JAKARTA – Penjualan bahan bakar pesawat atau avtur Pertamina  turun sejak Januari 2019 yang disebabkan oleh menurunnya permintaan dari maskapai penerbangan. Fariz Aziz, Vice Presiden Supply and Dsitribution Pertamina, menjelaskan sejak Januari 2019 Pertamina mendapatkan laporan terjadi penurunan frekuensi penerbangan dari beberapa maskapai.

“Ini tentu berpengaruh terhadap penyaluran avtur karena Pertamina hanya menyesuaikan permintaan. Rasanya sekitar tiga bulan lalu (Januari), kan ada beberapa flight yang digabung dari maskapai mungkin karena seat tidak penuh jadi ada beberapa faktor lah, pokoknya kami sih siapkan avturnya,” kata Fariz ditemui di Jakarta, Senin (29/4).

Salah satu kecenderungan penurunan konsumsi avtur bisa terlihat dalam proyeksi penyaluran avtur Pertamina saat Ramadhan dan Idul Fitri tahun ini jika dibandingkan tahun lalu.

Rata -rata konsumsi avtur pada kondisi normal tahun ini rata-rata sekitar 13.414 Kilo Liter (KL) sementara meningkat sekitar 8% menjadi 14.525 KL saat Ramadhan dan Idul Fitri. Sementara pada 2018 dengan periode yang sama turun sekitar 15% karena dalam kondisi normal konsumsi avtur mencapai 15.500 KL dan meningkat menjadi sekitar 16.500 KL pada Ramadhan dan Idul Fitri.

“Artinya, meskipun tercatat meningkat konsumsinya saat satgas Ramadhan dan Idul Fitri tapi masih lebih rendah dibanding periode yang sama pada tahun lalu. Kemudian dalam kondisi normal pun jika dibandingkan dengan rata-rata konsumsi tahun lalu sebenarnya konsumsi avtur memang sudah alami penurunan sekitar 12,8%,” katanya.

Eldi Hendry, Vice President Aviation Pertamina, menuturkan penurunan permintaan terhadap avtur memang telah terjadi sejak Januari tahun ini.
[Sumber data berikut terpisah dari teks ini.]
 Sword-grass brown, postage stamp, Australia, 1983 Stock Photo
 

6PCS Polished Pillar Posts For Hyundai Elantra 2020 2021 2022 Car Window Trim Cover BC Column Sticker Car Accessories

Penurunan ini terjadi di beberapa bandara utama di wilayah Indonesia bagian barat seperti Soekarno-Hatta serta di Bandara Minangkabau.

Dia menjelaskan konsumsi tidak banyak berubah justru terjadi di wilayah timur Indonesia yang memang jadikan pesawat sebagai alat transportasi utama. “Daerah barat turun, kalau Bali praktis tidak terlalu banyak, timur tidak terlalu banyak turun, karena memang transportasi tidak ada pilihan kita kan di sana apalagi kami kan negara kepualuan,” ujar Eldi.

Harga tiket pesawat yang masih tinggi dinilai sebagai salah satu penyebab penurunan frekuensi penerbangan beberapa maskapai yang memberikan imbas juga terhadap permintaan avtur.

Menurut Eldi, harga avtur tidak bisa melulu disalahkan terhadap tingginya harga tiket lantaran Pertamina menjual avtur dengan harga yang telah disepakati oleh maskapai. Selain itu harga avtur di beberapa bandara indonesia juga tidak bisa terus menerus dibandingkan dengan bandara di negara lain karena memang ada perbedaan signifkan dalam komponen harga avtur setiap bandara.

Dia menjelaskan Pertamina harus memnyiapkan avtur untuk 64 bandara di seluruh Indonesia dengan lokasi yang berbeda bahkan tidak jarang di pelosok yang membutuhkan biaya ekstra dalam pendistribusiannya.

“Harga kami fair-lah, jangan dibandingin Singapura dengan Indonesia, kalau harga itu bergantung pada ongkos transportasi kalau dia (Singapura) satu titik, orang selalu bicara Changi coba bicara Selatar di Singapura juga itu jauh lebih mahal dari Halim Perdanakusuma sekalipun, kami ada di 64 airport siapa sekarang yang bisa suplai di Tual, Kaimana, nah itu. Kami harus semacam subsidi silang untuk itu,” jelas Eldi.